De Nederlandse Governance Code
De verschillende Governance Codes gaan daarin nog verder. Zo stelt de Nederlandse Governance Code (wettelijk verplicht voor beursgenoteerde ondernemingen) onomwonden: ”De raad van commissarissen is zodanig samengesteld dat de leden ten opzichte van elkaar, het bestuur en welk deelbelang dan ook onafhankelijk en kritisch kunnen opereren.” Een belangrijk criterium in de code is, dat een commissaris niet onafhankelijk is als hij ten minste 10% van de aandelen heeft. Of als hij werknemer dan wel bestuurder is van een rechtspersoon die 10% of meer van de aandelen houdt. Volgens de code mag voor hooguit een minderheid van de commissarissen een uitzondering gemaakt worden.
In theorie klinkt dat mooi. Maar de praktijk, vooral bij Nederlandse dochters van buitenlandse ondernemingen (maar ook bij familiebedrijven), is weerbarstiger. Dat speelt vooral als de Nederlandse dochter een zogenaamde structuurvennootschap is. Dat wil zeggen dat er minstens € 16 miljoen eigen vermogen op de balans staat, dat er tenminste 100 werknemers in Nederland werkzaam zijn en als er een wettelijk verplichte ondernemingsraad is. Immers, voldoet een Nederlandse dochter niet aan die criteria is een RvC niet verplicht. En dan is die er meestal ook niet.
Toezicht houden op jezelf
Neem het volgende praktijkvoorbeeld. Daar is de situatie rond de RvC wel heel bizar. Het moederbedrijf (ook een Nederlandse BV, met daar boven nog een aantal BV’s die uiteindelijk weer een buitenlandse moeder hebben) is niet alleen 100% aandeelhouder van de werkmaatschappij, maar staat ook bij de Kamer van Koophandel ingeschreven als bestuur van de dochter. De 2 directeur/bestuurders van de moeder nemen dus alle beslissingen als Algemene vergadering van aandeelhouders (AvA) en ook als bestuur van de dochter. En omdat de dochter structuurvennootschap is, is er ook een RvC ingesteld. Die bestaat uit de twee directeur/bestuurders van de moeder. Met als derde lid de CEO van de hoogste BV in het Nederlandse deel van de keten van BV’s. Als commissarissen houden de 2 directeuren dus namens zichzelf als AvA toezicht op zichzelf als bestuur.
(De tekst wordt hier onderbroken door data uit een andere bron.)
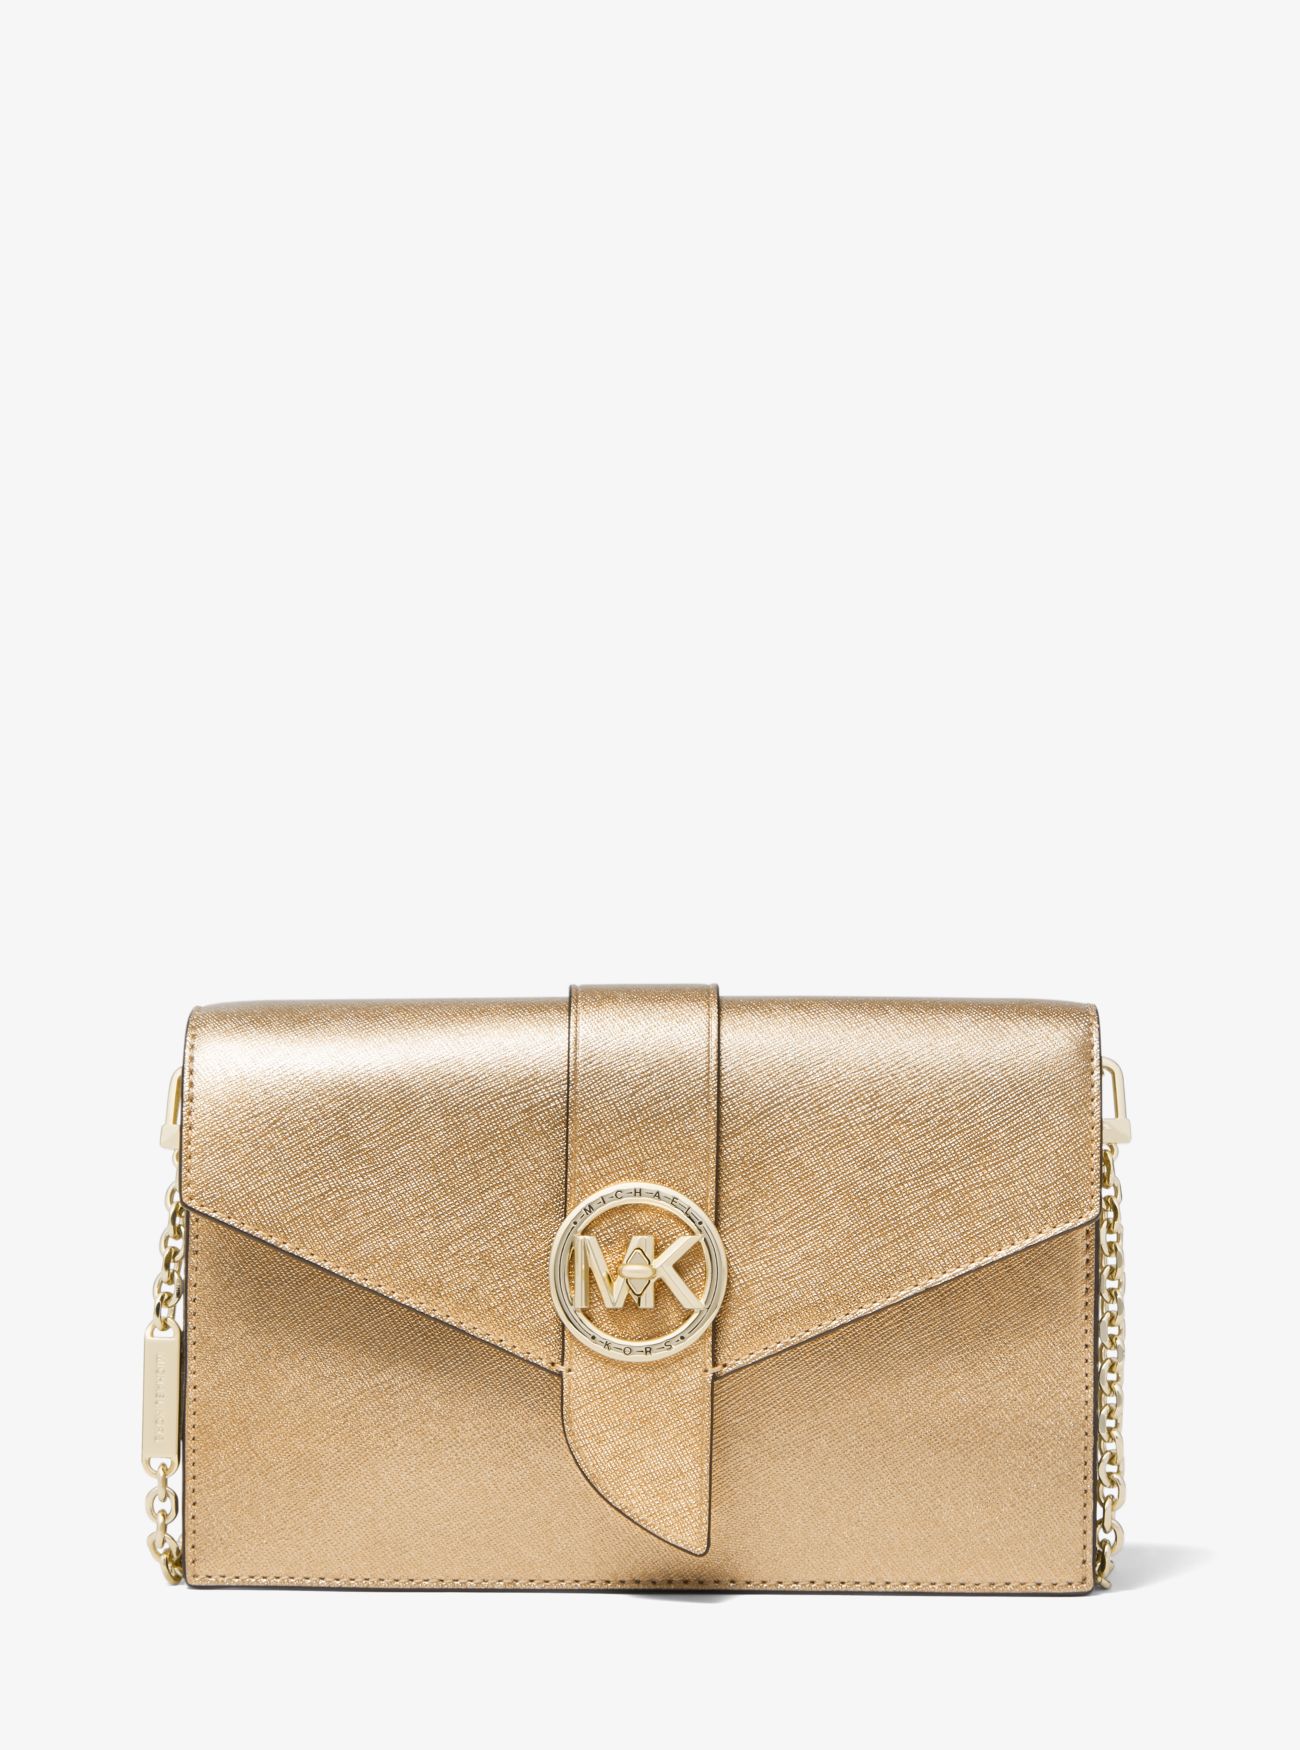 MK Medium Metallic Saffiano Leather Convertible Crossbody Bag - Pale Gold - Michael Kors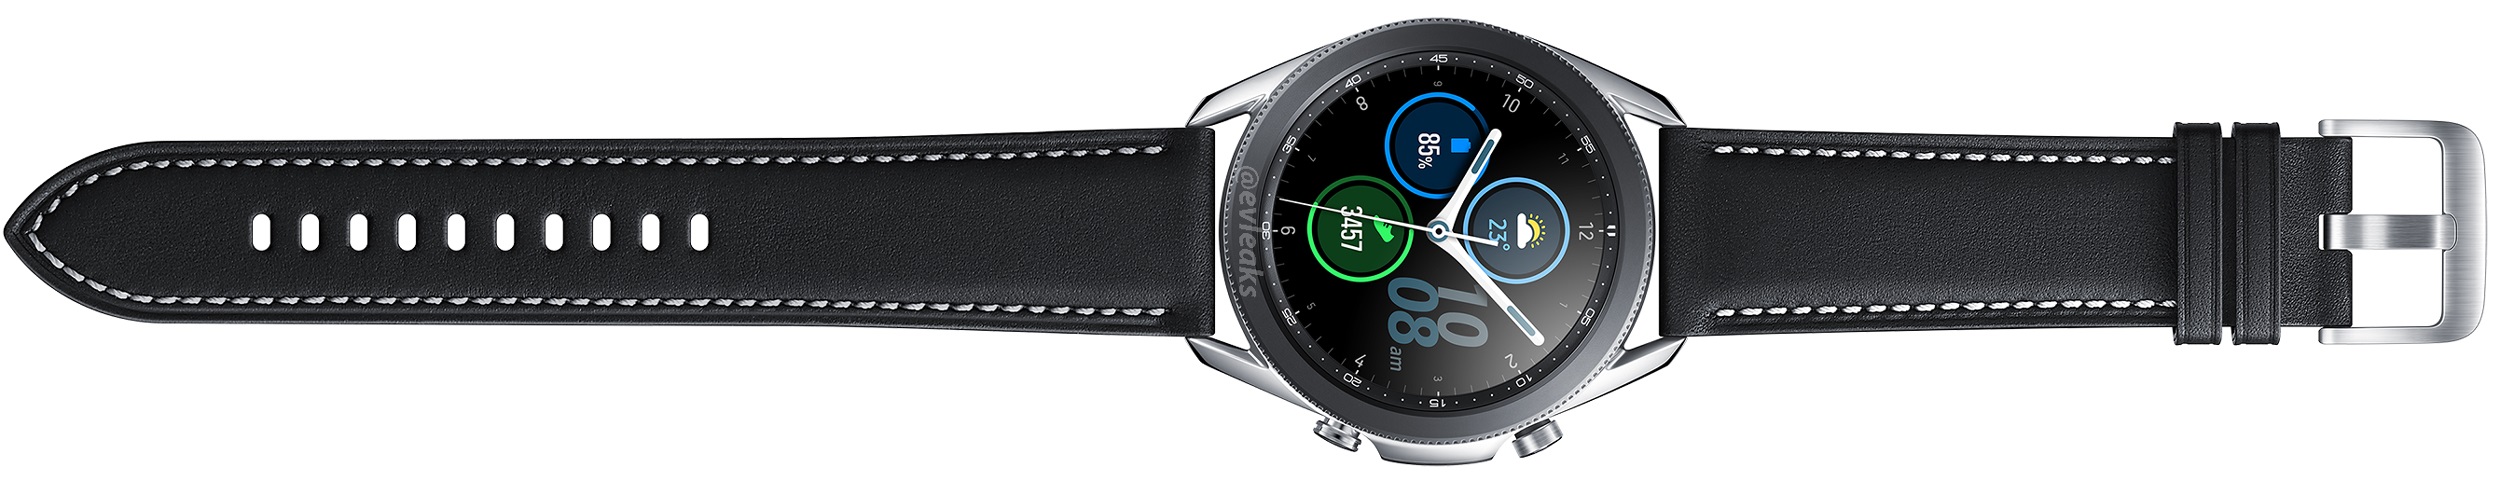 Samsung Galaxy Watch 3 smartwatch

De ondernemingsraad kan in zo’n geval natuurlijk proberen om gebruik te maken van zijn wettelijk recht om aan de Ondernemingskamer van het gerechtshof in Amsterdam te vragen om 1 of 2 van de commissarissen te ontslaan wegens zwaarwegende omstandigheden (in dit geval het gebrek aan onafhankelijkheid van alle commissarissen). Maar dat lijkt toch wel een erg zwaar middel. En 100% zekerheid dat de ondernemingsraad gelijk krijgt is er niet.
Wat de ondernemingsraad wel kan doen is bij de volgende benoeming vast houden aan het verzwaarde voordrachtrecht. Dan kan hij een onafhankelijke kandidaat voordragen. En tot die tijd is het opbouwen van een goede relatie met de RvC een betere optie. Voordeel van de huidige situatie is in elk geval dat de ondernemingsraad bij het artikel 24 overleg aan tafel zit met een RvC die goed op de hoogte is van de concern plannen met hun werkmaatschappij. En daar kan hij gebruik van maken.
Het adviesrecht als breekijzer
Bij een ander praktijk geval ligt de situatie anders. Daar liggen de kaarten nog open. Er is een adviesaanvraag aangekondigd over het invoeren van het structuurregime, omdat de verplichting daartoe eigenlijk al veel langer bestaat. Daarbij is wel meteen aangekondigd dat de buitenlandse moeder het voornemen heeft om alleen eigen functionarissen te benoemen.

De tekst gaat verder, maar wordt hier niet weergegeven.